Manufacturing AUTOMATION

Canada’s manufacturing growth hit 15-month high in September

October 8, 2013
By Manufacturing AUTOMATION

Canada’s manufacturing expansion accelerated to a 15-month high in September, according to the RBC Canadian Manufacturing Purchasing Managers’ Index (RBC PMI). A monthly survey, conducted in association with Markit, a global financial information services company, and the Supply Chain Management Association (SCMA), the RBC PMI offers a comprehensive and early indicator of trends in the Canadian manufacturing sector.

The seasonally adjusted RBC PMI — a composite indicator designed to provide a single-figure snapshot of the health of the manufacturing sector — rose to 54.2 in September, up from 52.1 in August. This indicated further improvement in manufacturing business conditions, with the rate of growth above the series average and the fastest since June 2012.

The RBC PMI found that both output and new order growth accelerated in September. In particular, the latest rise in total new work intakes was strong and the fastest since June 2012. This partly reflected the greatest increase in new export orders for two-and-a-half years. Meanwhile, the rate of job creation also quickened to a 15-month high, as firms hired additional staff to handle increased business activity.

“The global economy is gaining traction, and with that we are seeing increasing demand for Canadian exports — particularly from the manufacturing sector, which has contributed to the PMI reaching a 15-month high in September,” said Craig Wright, senior vice-president and chief economist, RBC. “While challenges in the sector remain, this rebound is encouraging. An anticipated strengthening in global economic growth, particularly in the U.S., which is Canada’s largest trading partner, bodes well for manufacturing activity late this year and early next.”

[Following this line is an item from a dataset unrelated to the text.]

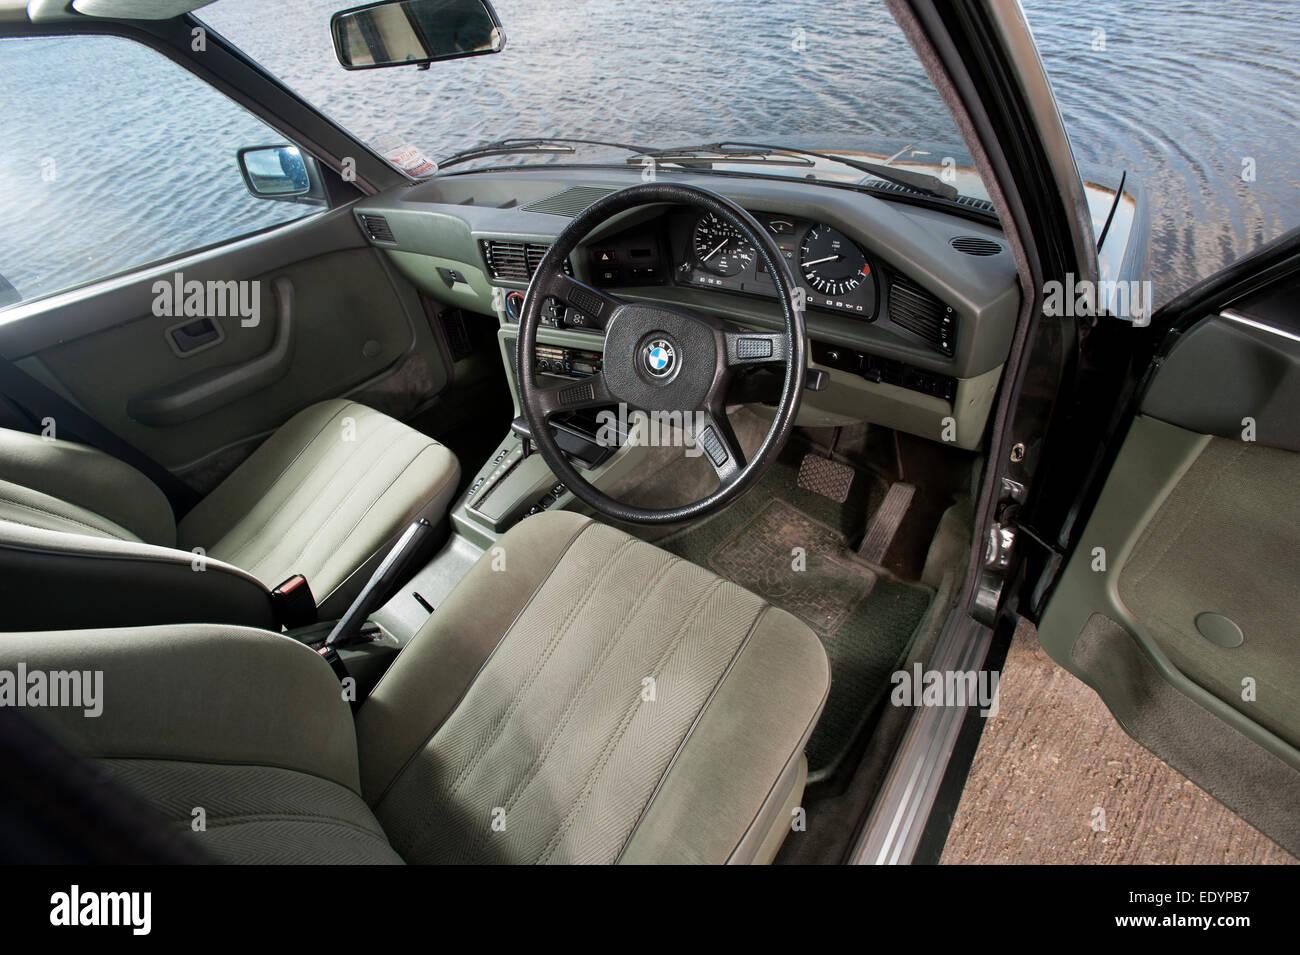 1984 e28 bmw 525i 5 series car interior stock photo royalty free 1984 e28 bmw 525i 5 series car interior sciox Choice Image

Firms raised production in light of higher new order volumes. Output rose solidly over the month, and at the fastest rate since May. Nevertheless, outstanding business increased for the first time in four months and at the strongest pace for two years, while stocks of finished goods were broadly the same as in August.

The quantity of inputs bought by manufacturing companies increased for the sixth successive month in September. The rate of growth was solid and the strongest since August 2012. Stocks of purchases also increased, although the rate of accumulation was marginal.

Concurrently, suppliers’ delivery times lengthened further in the latest survey period, with panelists suggesting that vendors were generally busier and had leaner inventories. Overall, the latest increase in lead times for inputs was solid and the greatest for 15 months.

Employment growth in the Canadian manufacturing sector accelerated to a 15-month high in September. Approximately 17 per cent of firms hired additional staff since August, and generally attributed this to increased business activity.

Manufacturers faced higher input prices in September, with raw materials and transportation costs having increased over the month. That said, the overall rate of inflation eased slightly since August and was weaker than the series average. Firms passed on higher costs to clients by raising their selling prices. On average, output charges rose moderately and for the first time since May.

Manufacturing business conditions improved across all four regions, led by Alberta and British Columbia, the two provinces that also recorded the strongest rate of employment growth. New orders increased in Ontario, reversing a reduction one month previously. Meanwhile, Quebec saw the weakest increase in input prices in September.